Family Medicine Residency Curriculum

Family Medicine Residency

Curriculum

Family medicine residents gain proficiency in a wide range of settings, including Community Health Care’s Hilltop Regional Health Center, which was built specifically for our residency’s needs. At this center, residents are trained in the best way to serve the unique needs of health center patients. Caring for our patients provides a broad range of experience with complex medical issues, age ranges, and prenatal care. Our focus is on serving a diverse, underserved urban population with a key approach to community-based care.

Residents are primarily based at our Hilltop clinic, but second and third-year residents also have the opportunity to work at our other neighborhood clinics to develop experiences with pediatric and obstetric patients.

Inpatient adult and obstetric training occur at St. Joseph Hospital, allowing Community Health Care’s residents to regularly learn from a variety of specialties. The obstetric service at St. Joseph Hospital is robust with numbers. Pediatric inpatient training occurs at Mary Bridge Children’s Hospital directly from pediatric hospitalists who are expert in training family medicine physicians.

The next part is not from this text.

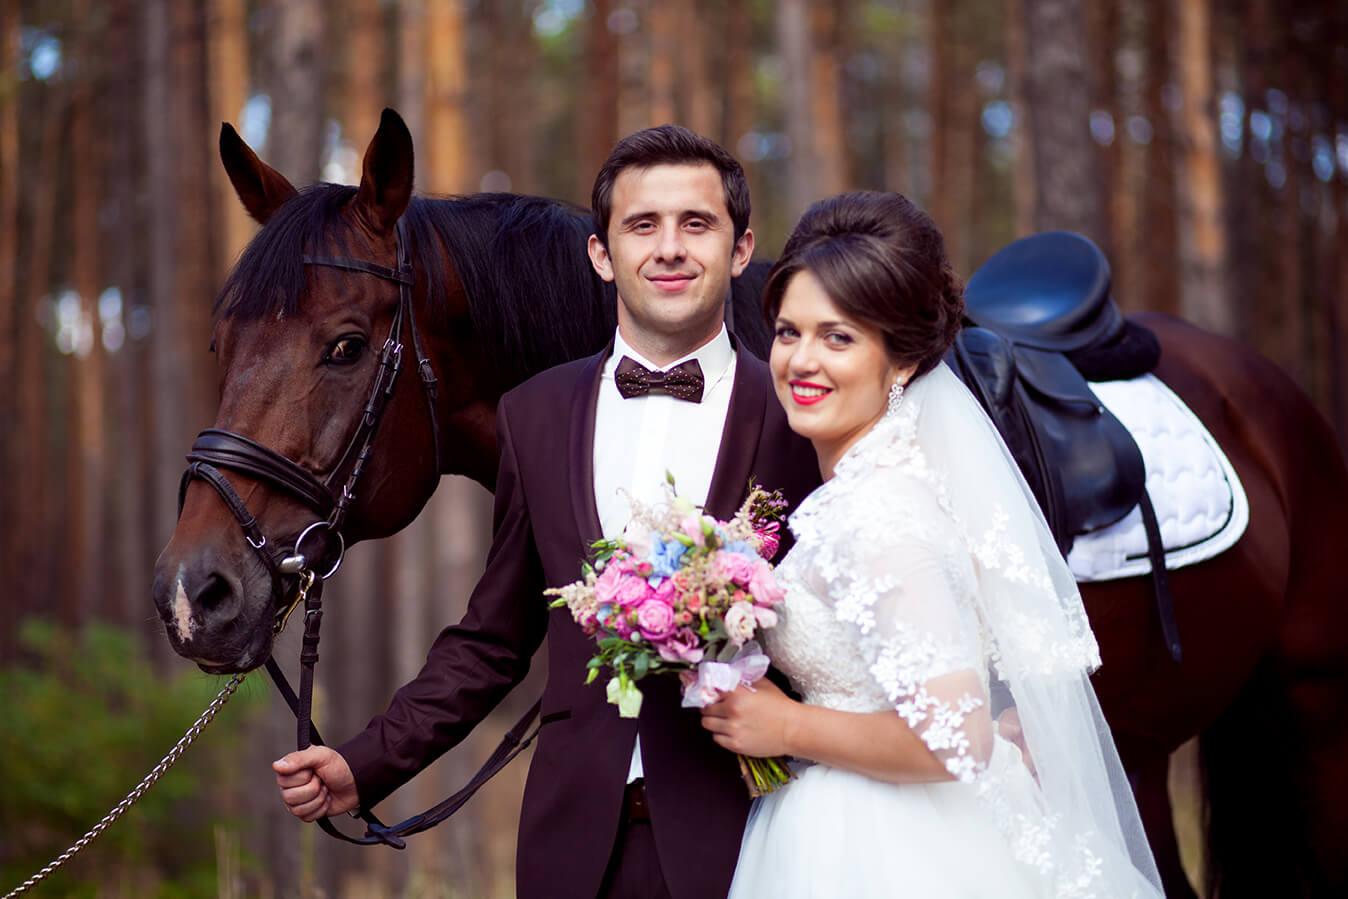 7-konnaja-fotosessija-kiev-semejnyj-detskij-svadebnyj-fotograf-1

What makes CHC’s residency unique? 

  • Residents gain experience in community-based medicine by working in the Tacoma-Pierce County Health Department’s STI clinic. Preceptors are trained in providing “resident-centered” learning, giving the residents the opportunity to ask clinical questions in order to gain the most out of their in-clinic experiences.
  • A high volume of obstetric patients and vaginal deliveries.
  • Osteopathic manipulation therapy is integrated into continuity clinics.
  • CHC’s Hilltop-based rheumatologist, ophthalmologist, and HIV specialists all dedicate time to teaching our residents while serving our patients. These specialists have a regular presence in our primary care clinic and are readily available for “curbside” consultations if needed.
  • Residents receive training in our dental clinic to better understand the role oral health plays in primary care.
  • Academic half-day sessions focus on the latest advances in adult education, including active learning with discussions and hands-on demonstrations.
  • Besides the group of primary faculty and preceptors who frequently teach residents, CHC has a call group comprised of family physicians who work in our neighborhood clinics. Residents learn directly from family physicians who are “walking the walk” of serving an underserved population with full-spectrum family medicine.